Evil is surprisingly commonplace. A family friend of James Rennie, convicted this week of running one of Scotland’s largest paedophile rings, said she had no qualms about using him as a baby-sitter because, ‘he seemed just like a regular guy’. Similarly, singer Kathryn Jenkins recounted in an interview her experience of being attacked as a student. The most memorable, and chilling, thing, she said, was that she was able to look straight at her attacker and her overriding thought was that ‘he looked just like anyone else’.

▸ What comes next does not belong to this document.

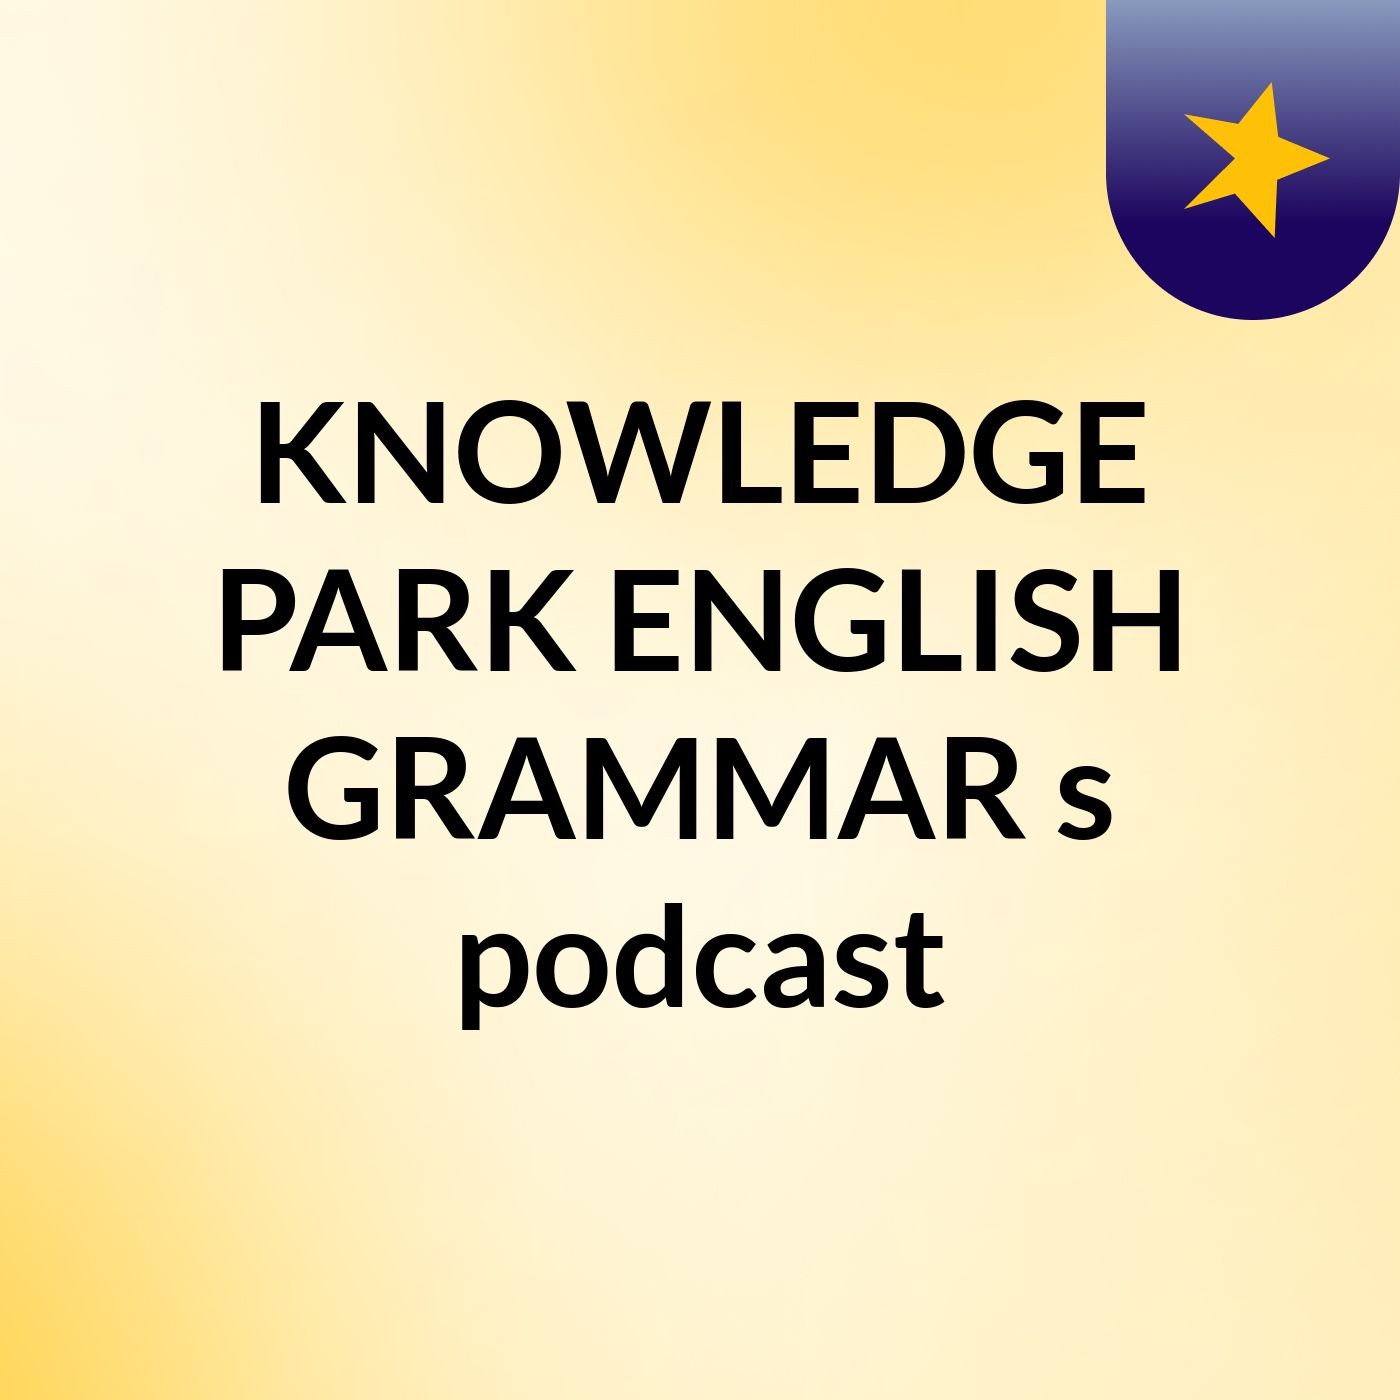 Episode 2 - KNOWLEDGE PARK ENGLISH GRAMMAR's podcast

John Eldredge, in his little booklet ‘Epic’, speaks about how surprising it is that so many people live the story of their lives as if we have no enemies, while all the evidence around us suggests the world is a difficult and dangerous place:
“I am staggered by the level of naïveté that most people live with regarding evil. They don’t take it seriously. They don’t live as though the Story has a Villain. Not the devil prancing around in red tights, carrying a pitchfork, but the incarnation of the very worst of every enemy you’ve ever met in every other story. Dear God – the Holocaust, child prostitution, terrorist bombings, genocidal governments. What is it going to take for us to take evil seriously? Life is very confusing if you do not take into account that there is a Villain…”
He says this not to make us paranoid or anxious, but to enable us to resist the temptation to think that evil is invariably ‘other’, special and distinct, easily and obviously recognisable from the norm. It’s not, it’s everywhere, even in the heart of each one of us. It just rarely wears silly hats.